> _What to produce_
What is needed is an exact reproduction of the listing, without its pictures.

> _Dataset excerpt_
%%
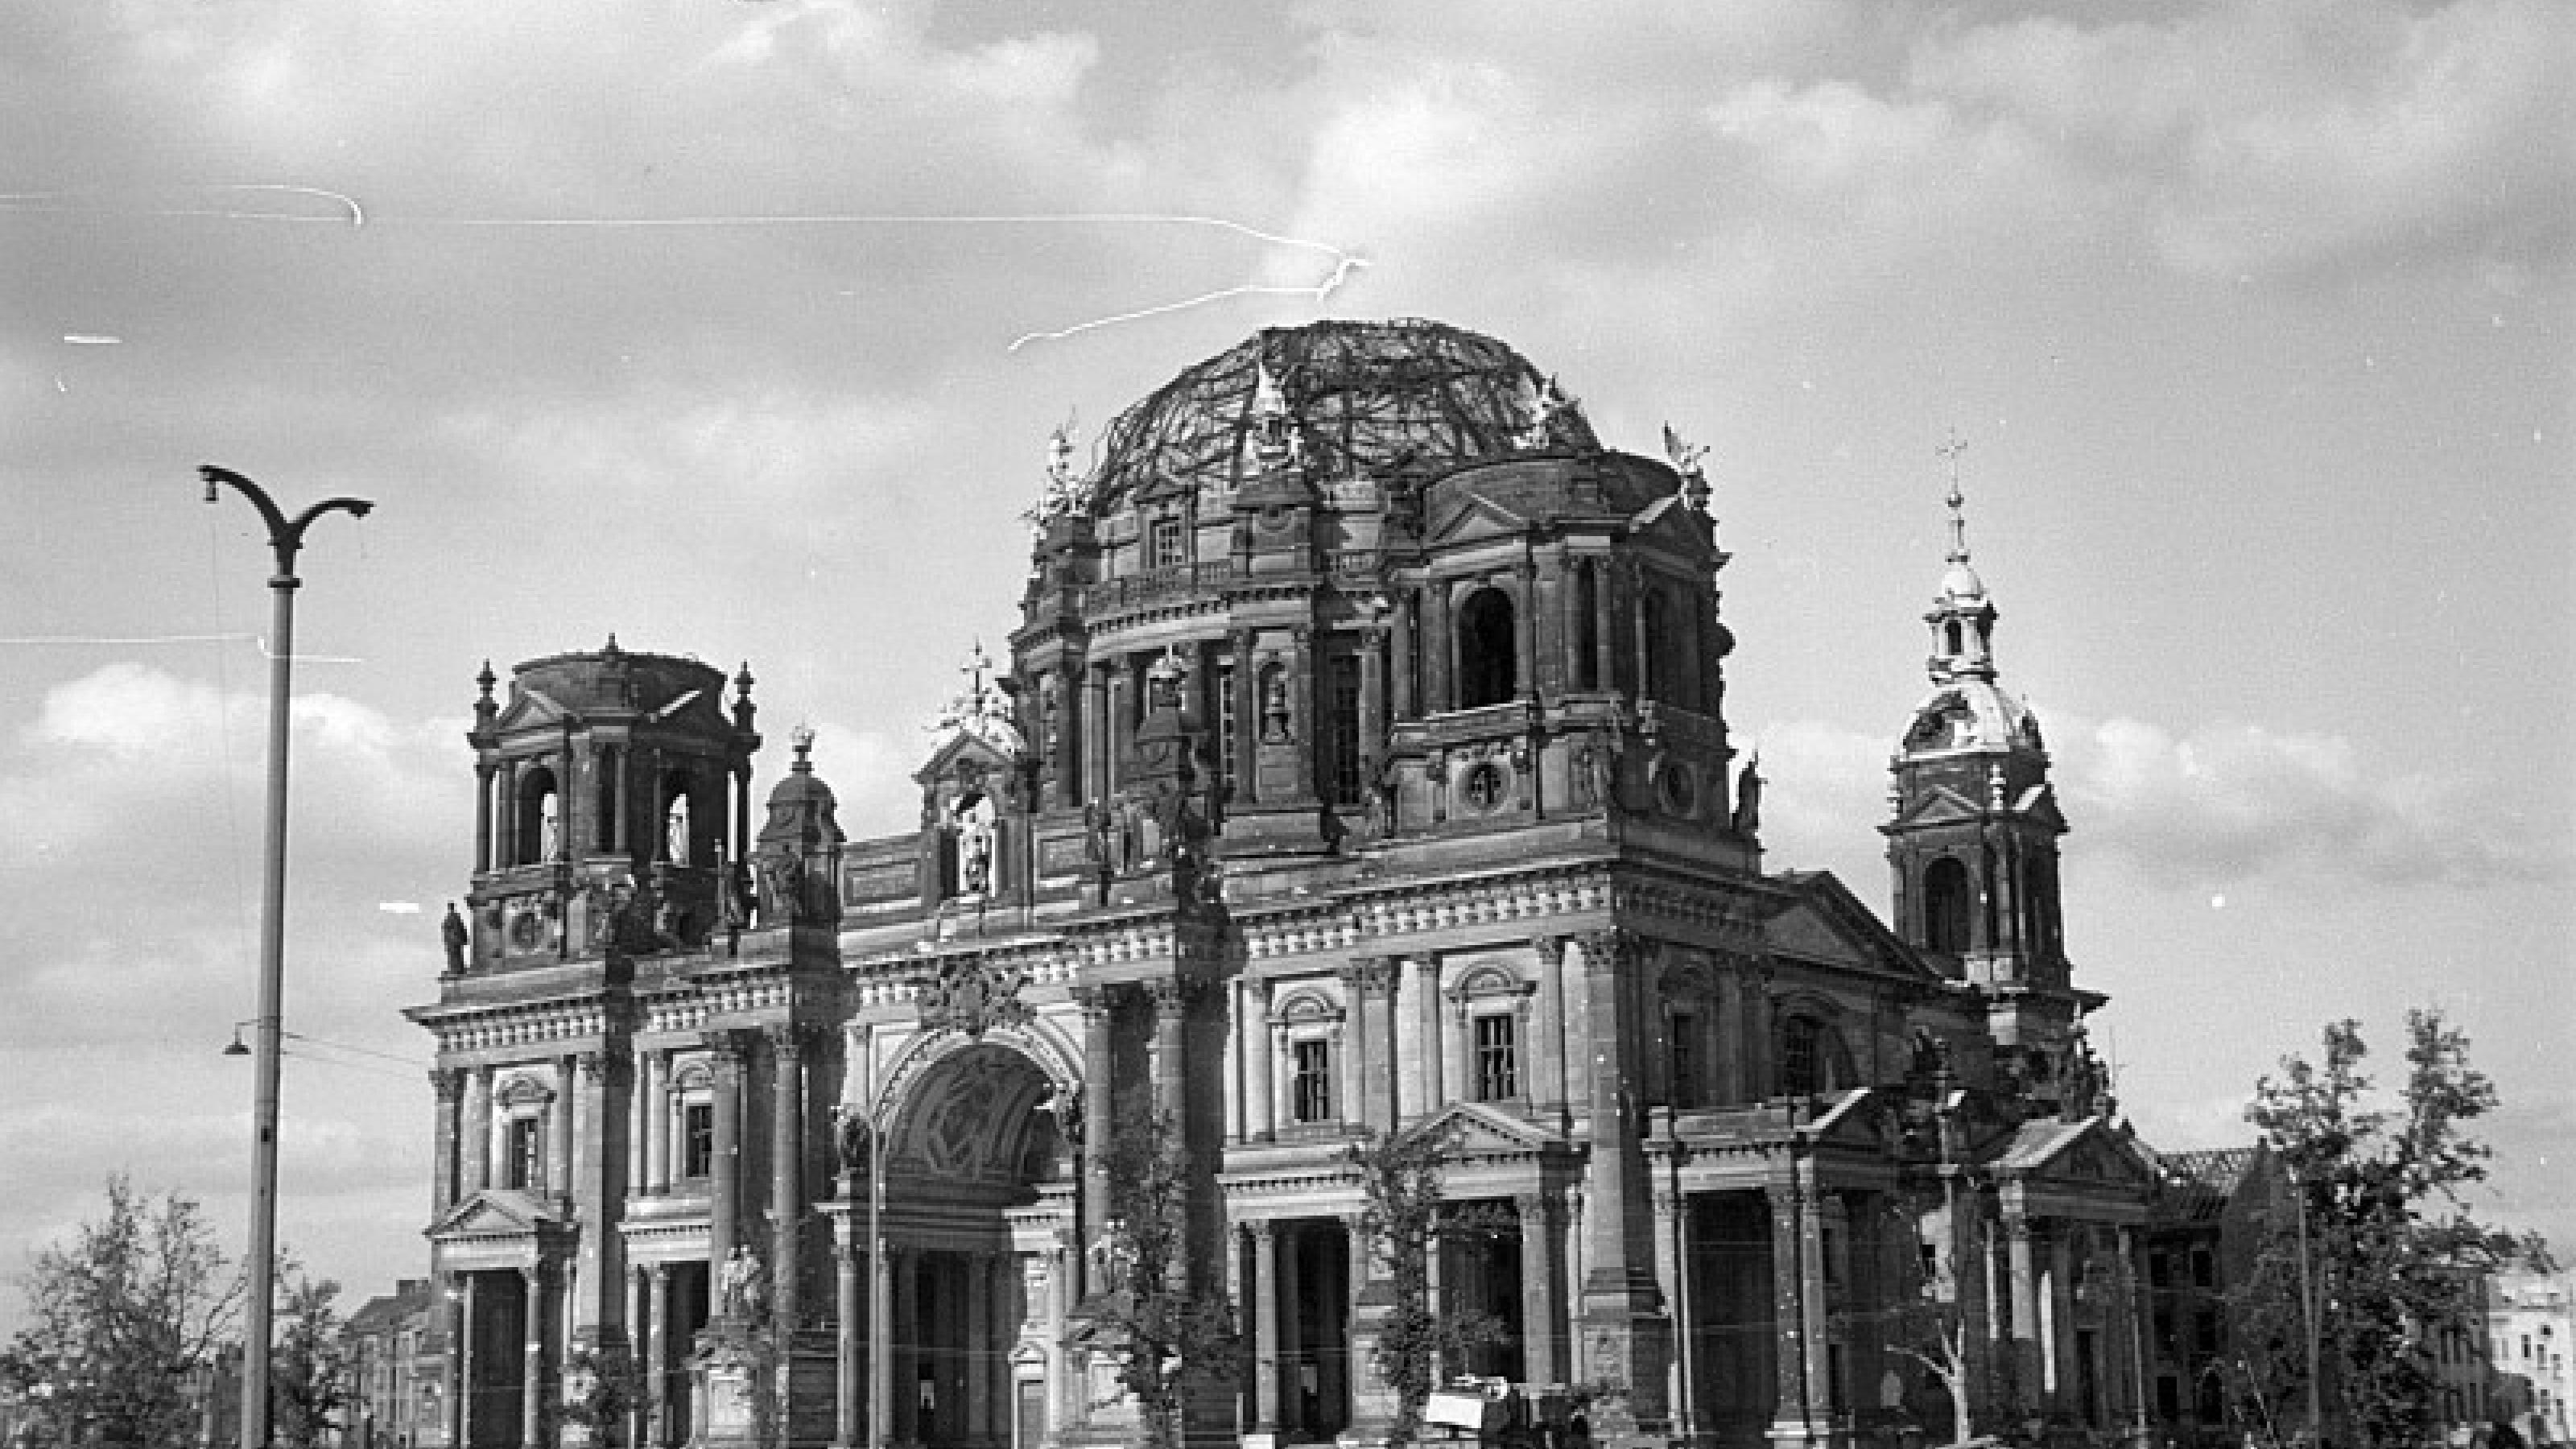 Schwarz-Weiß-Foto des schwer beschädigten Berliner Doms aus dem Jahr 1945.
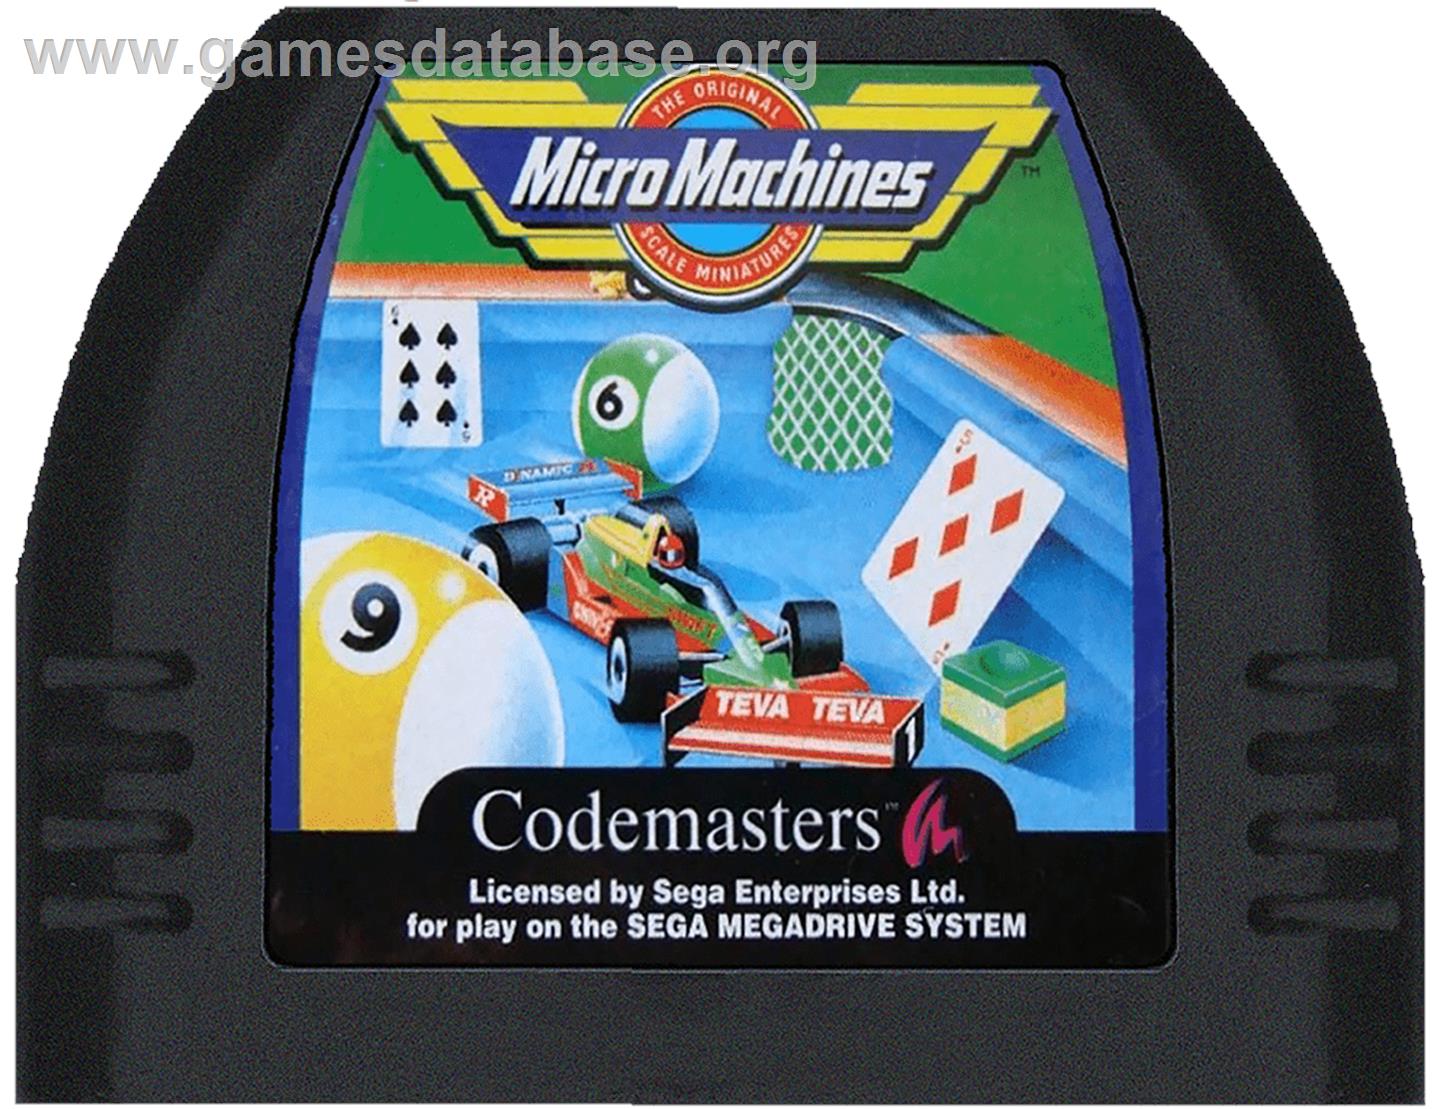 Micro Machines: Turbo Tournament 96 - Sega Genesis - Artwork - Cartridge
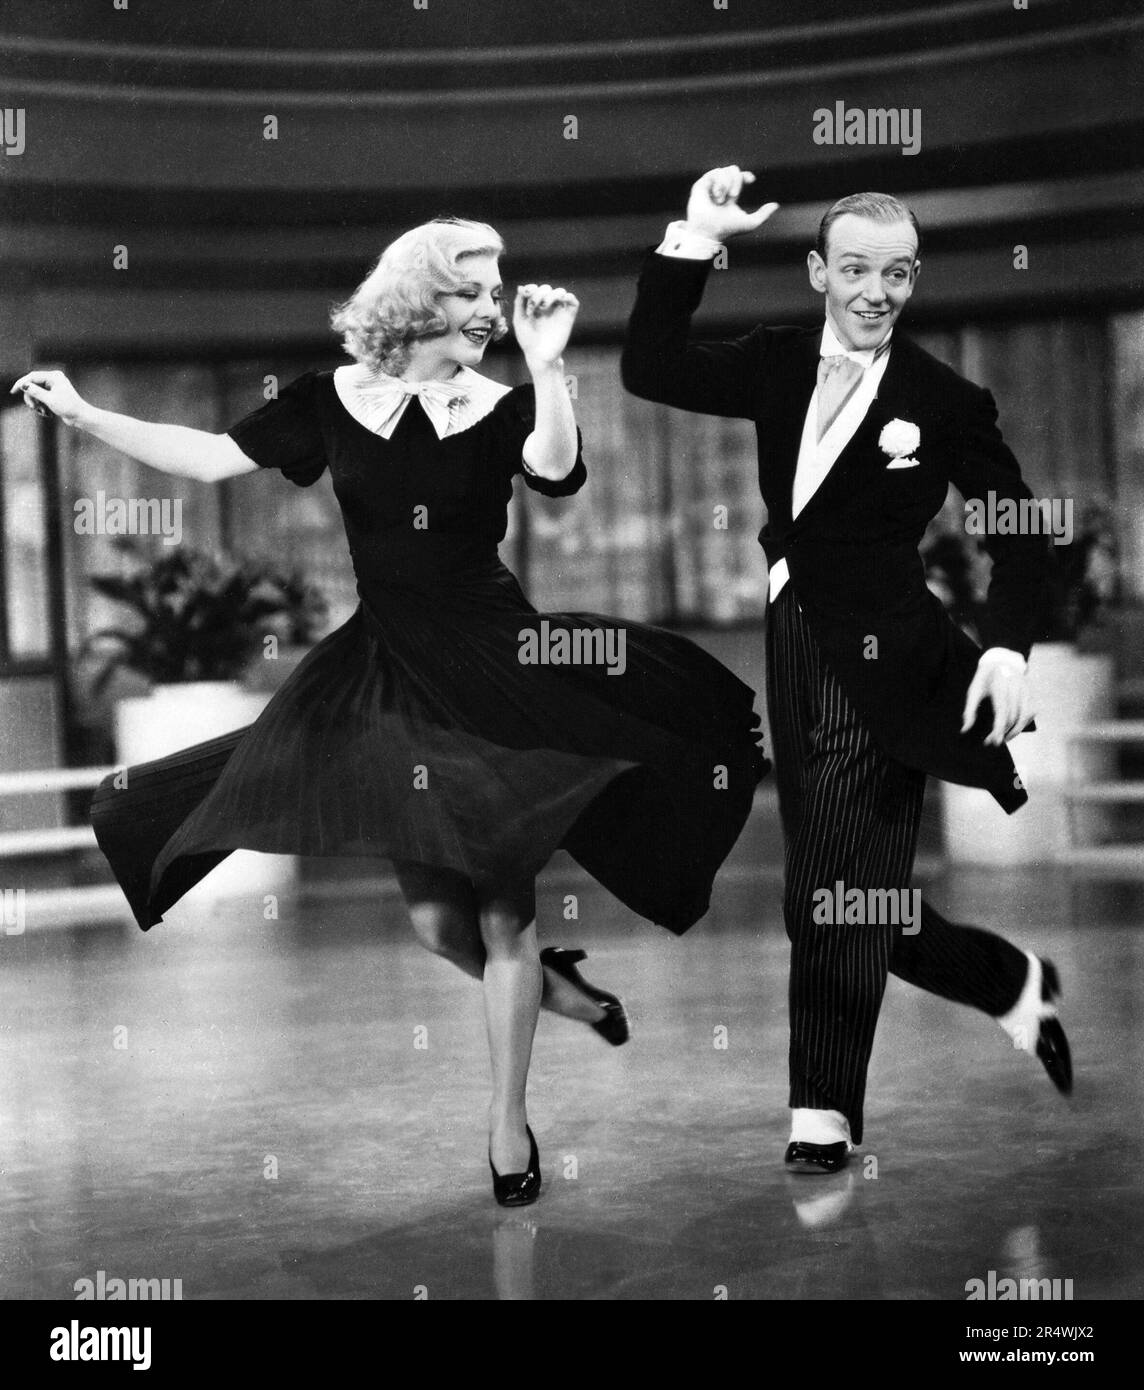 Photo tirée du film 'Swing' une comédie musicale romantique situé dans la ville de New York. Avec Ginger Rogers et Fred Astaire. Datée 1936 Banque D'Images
%%
> _Solution to this exercise_
 Schwarz-Weiß-Foto des schwer beschädigten Berliner Doms aus dem Jahr 1945.
 Micro Machines: Turbo Tournament 96 - Sega Genesis - Artwork - Cartridge
 Photo tirée du film 'Swing' une comédie musicale romantique situé dans la ville de New York. Avec Ginger Rogers et Fred Astaire. Datée 1936 Banque D'Images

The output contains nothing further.